Ermittlungserfolg für die Kärntner Polizei: Nur knapp vier Tage nachdem Jugendliche außen an einem ICE-Zug mitgefahren sind, konnte ein Täter ausgeforscht werden. Bei ihm handelt es sich um einen 19-Jährigen, der in Wien wohnt. Der Mann hat am Dienstag auch bereits Besuch von Polizisten aus Kärnten bekommen und wurde von ihnen zu der Aktion befragt. Gegen den Mann und seine namentlich noch nicht bekannten Mittäter wird vorerst wegen Gefährdung der körperlichen Sicherheit ermittelt.

Wie berichtet, sind am Samstag drei Unbekannte auf den vom Bahnhof Kühnsdorf-Klopeiner See nach einem Stopp anfahrenden ICE 117 gesprungen. Während der Fahrt – Züge sind in diesem Streckenabschnitt der Koralmbahn mit bis zu 200 km/h unterwegs – versteckten sie sich in den Nischen an der Außenseite des Zuges. Wartende Fahrgäste, die den Vorfall mitbekommen haben, alarmierten die Polizei und die Österreichischen Bundesbahnen (ÖBB).

Vor Übergabe an Polizei geflüchtet

Der ICE musste etwa bei der Hälfte des rund 32,9 Kilometer langen Koralmtunnels einen Notstopp einlegen. Der Tunnel wurde ebenso wie die Strecke zwischen Klagenfurt und Graz in beide Richtungen gesperrt. Zwei der sogenannten Train-Surfer wurden von ÖBB-Mitarbeitern gefasst und mit einem Rettungszug aus dem Tunnel gefahren. Doch bevor sie in St. Paul an die Polizei übergeben werden konnten, gelang den Jugendlichen die Flucht.

Einer der Train-Surfer versteckt sich auf dem Dach des ICE-Zuges, der im Koralmtunnel einen Notstopp einlegen musste
Einer der Train-Surfer versteckt sich auf dem Dach des ICE-Zuges, der im Koralmtunnel einen Notstopp einlegen musste © Screenshot

Der dritte Täter blieb verschwunden. Aus gutem Grund, wie Videos zeigen, die die Train-Surfer selbst aufgenommen und auf digitalen Plattformen hochgeladen haben. Eines zeigt einen Jugendlichen, wie er sich im Koralmtunnel auf dem Dach des gestoppten ICE-Zuges versteckt.

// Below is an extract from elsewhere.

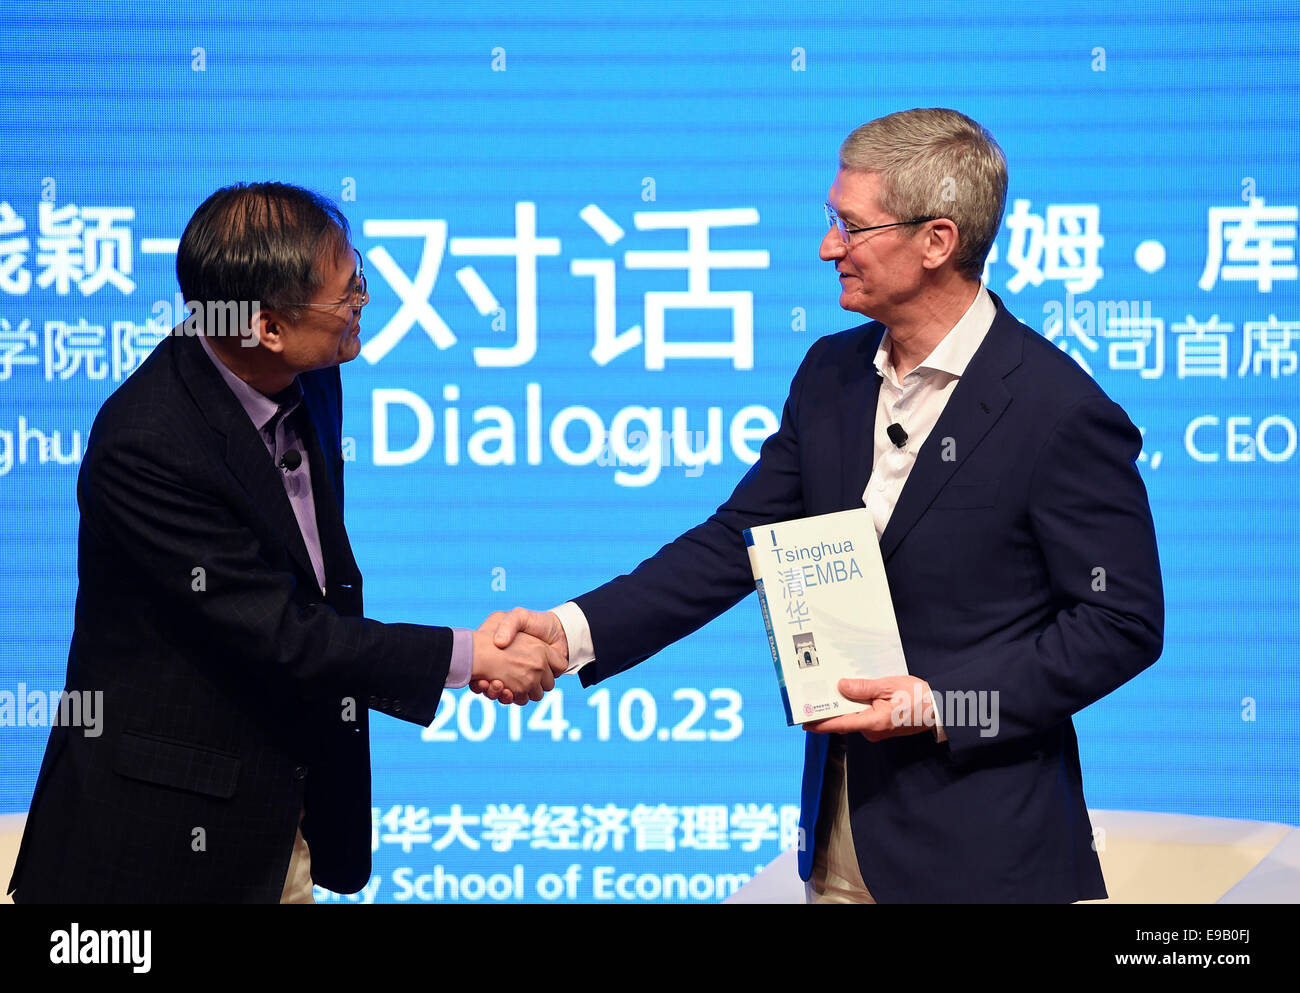 Beijing, China. 23rd Oct, 2014. Apple CEO Tim Cook (R) receives a souvenir from the Tsinghua University School of Economics and Management (SEM) during an exchange activity in Tsinghua, Beijing, China, Oct. 23, 2014. Credit:  Qi Heng/Xinhua/Alamy Live News Stock Photo

Und dieser Jugendliche hat seine Wahnsinnsfahrt offenbar fortgesetzt und ist, nachdem der ICE nach rund drei Stunden wieder gestartet ist, mit dem Zug wohl bis nach Graz gefahren. Darauf deuten die letzten Sekunden eines Videos hin. Ob es sich bei ihm um den jetzt ausgeforschten Täter handelt, ist noch nicht klar. Vieles deutet aber darauf hin.

Schadensersatzklagen

Den Train-Surfer drohen nicht nur strafrechtliche Konsequenzen, für sie könnte es auch richtig teuer werden. Die „ÖBB behalten sich weitere rechtliche Schritte vor“, heißt es in einer Stellungnahme. Das heißt, Schadenersatzforderungen, etwa für die Zugausfälle als Folge der mehr als dreistündigen Streckensperre, an die Täter sind möglich. Auch die Weitergabe jener Kosten, die die ÖBB ihren Fahrgästen ersetzen muss.